Why This Matters for Security Teams
Certificate lifecycle ownership in OT is rarely just an identity question. It affects plant uptime, safety systems, patch windows, vendor access, and incident response. When no one owns issuance, renewal, inventory, and revocation end to end, certificates become hidden operational dependencies that fail quietly until they trigger outages or force emergency workarounds. Guidance from the NIST Cybersecurity Framework 2.0 reinforces that governance and asset visibility must be explicit, not implied.
NHIMG research shows how often lifecycle failure is already the problem, not a future risk. The NHI Lifecycle Management Guide and the Ultimate Guide to NHIs — Lifecycle Processes for Managing NHIs both point to the same operational reality: unmanaged lifecycle tasks create avoidable exposure, while ownership gaps make remediation slow and inconsistent. In OT, that risk is amplified because certificate expiry can affect systems that cannot tolerate surprise changes or downtime. In practice, many security teams encounter certificate ownership gaps only after a control system has already stopped trusting a service, rather than through intentional governance.
How It Works in Practice
The most effective model is shared ownership with named accountability.

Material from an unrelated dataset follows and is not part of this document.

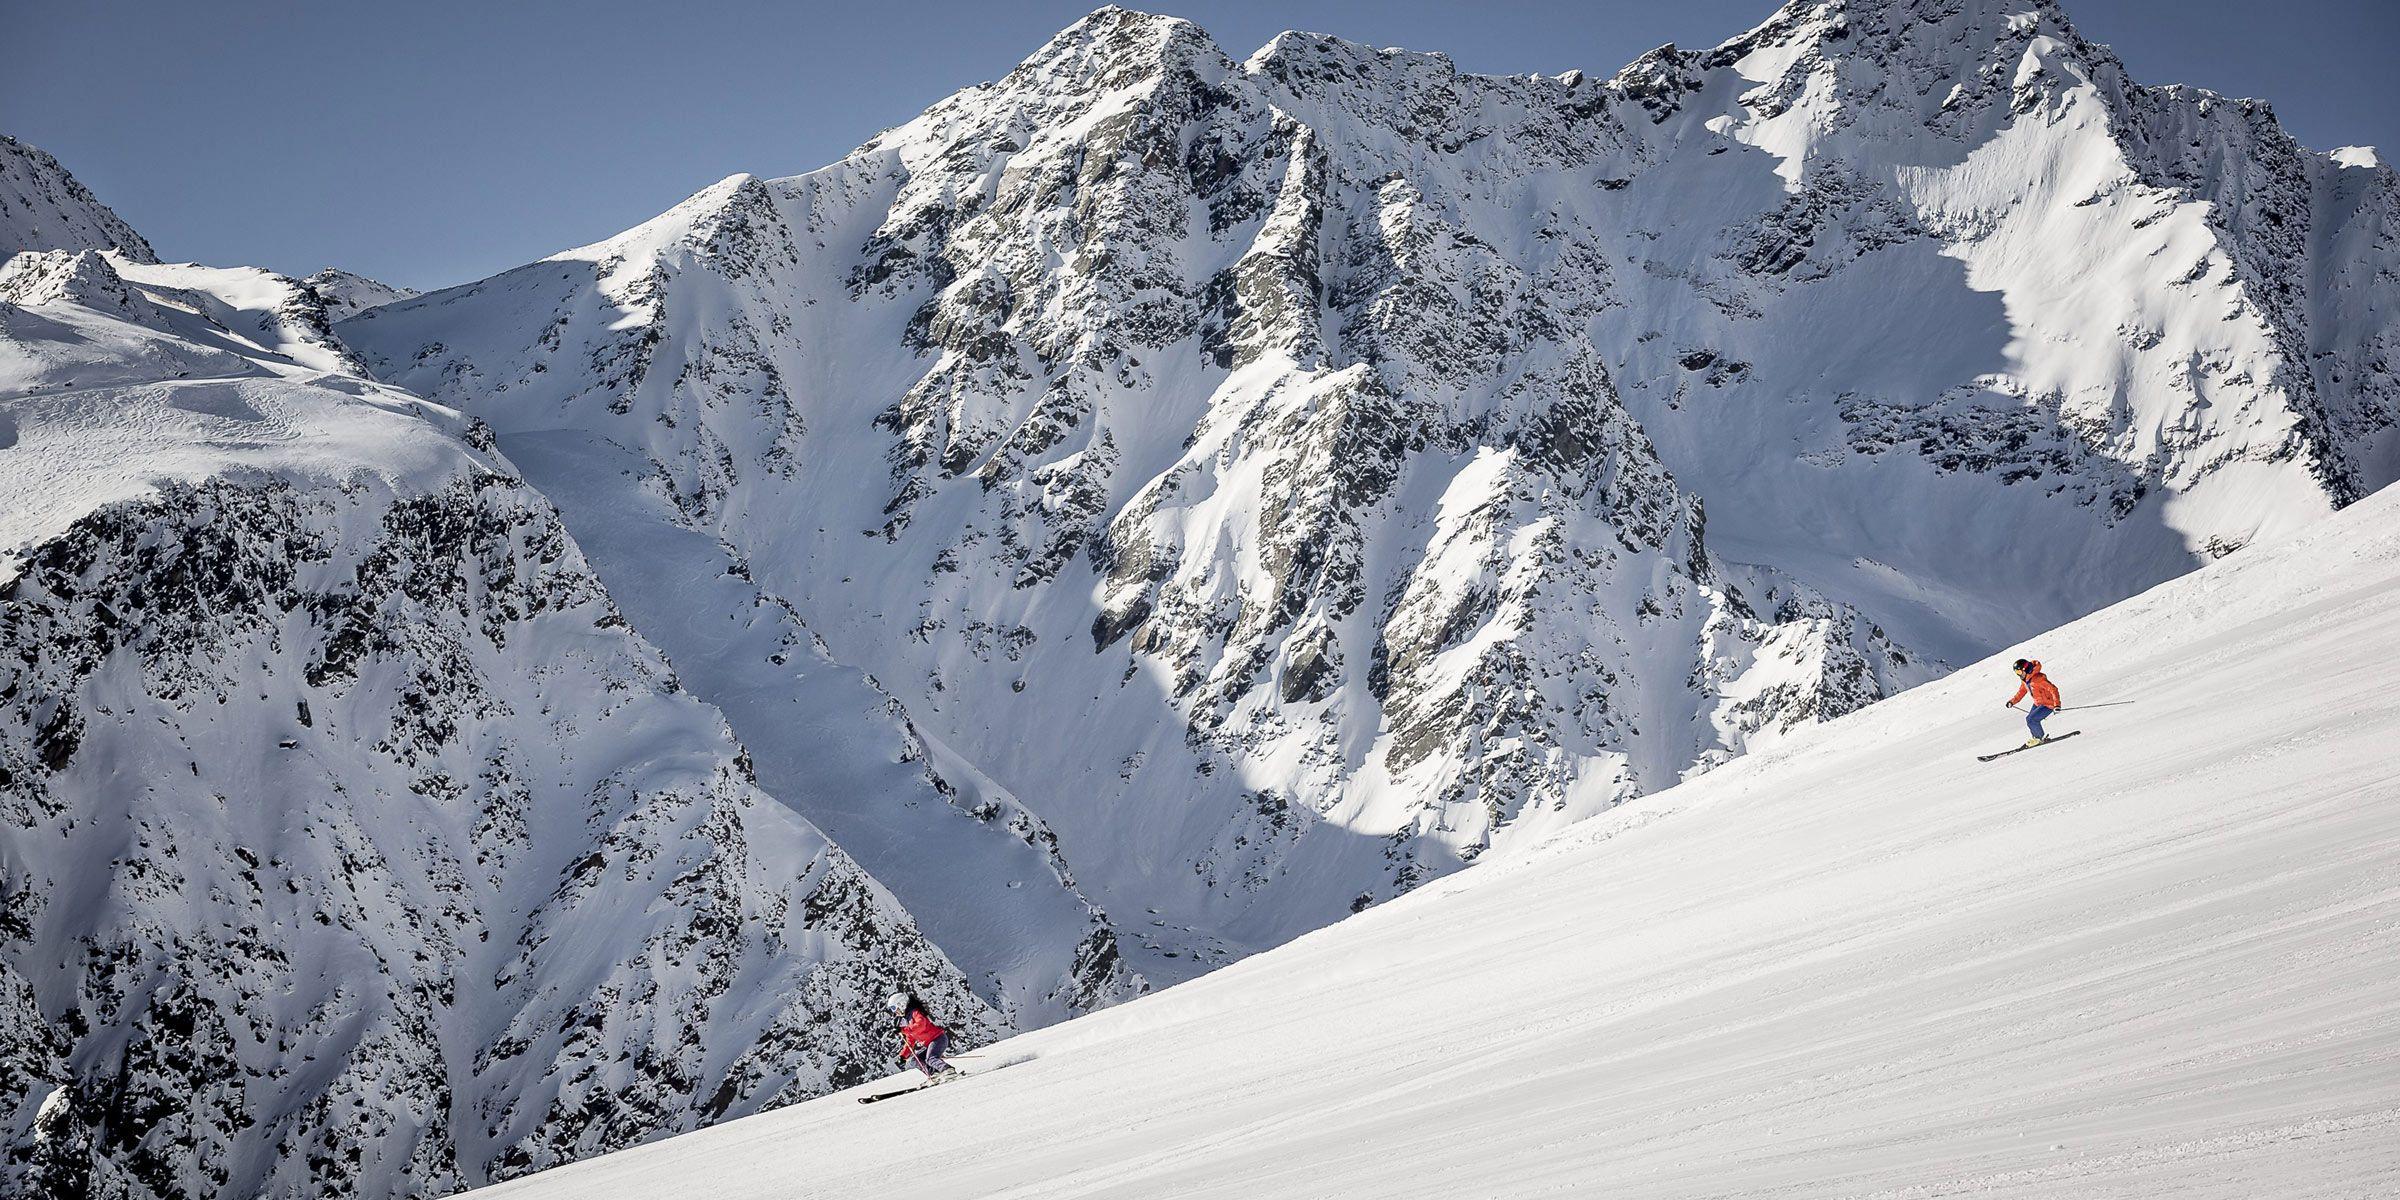 Skifahren mit perfekt präparierte Gletscherpisten in Sölden, Tirol
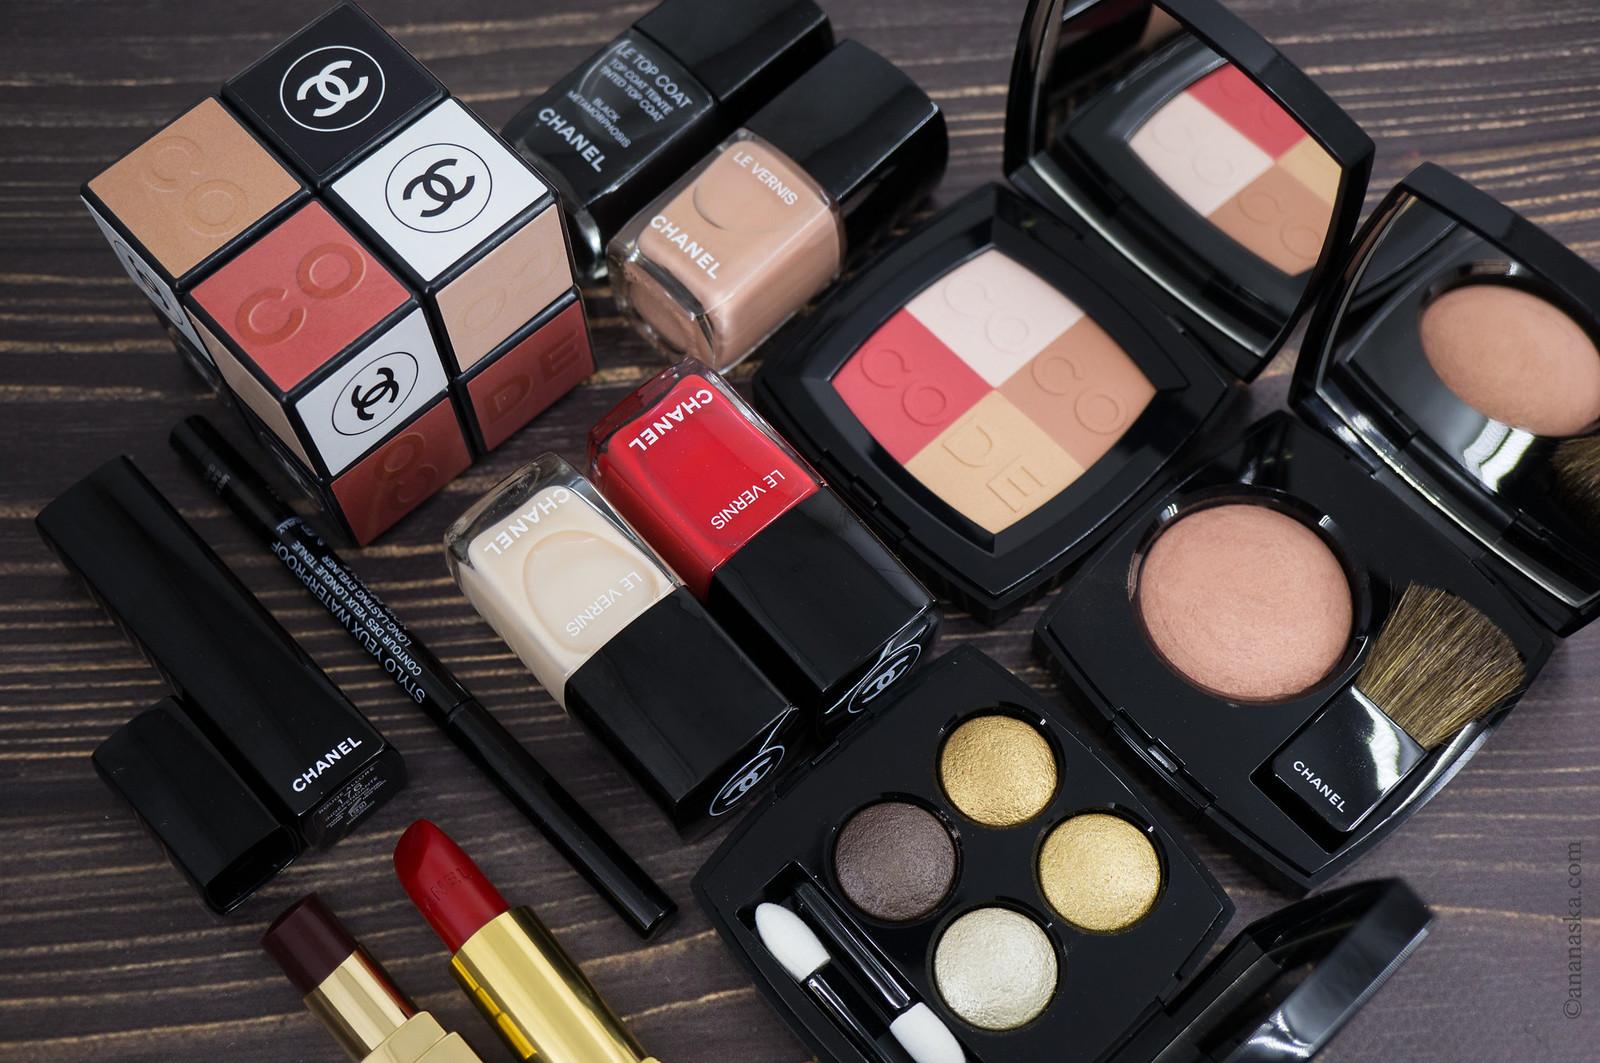 Chanel Coco Codes Spring 2017

Security should define policy, minimum cryptographic standards, approval criteria, and revocation expectations. OT operations should own system dependency mapping, maintenance windows, and validation that renewal actions do not break field equipment or safety workflows. Infrastructure or platform teams should own the certificate tooling, automation, and integration with PKI, inventory, and monitoring systems.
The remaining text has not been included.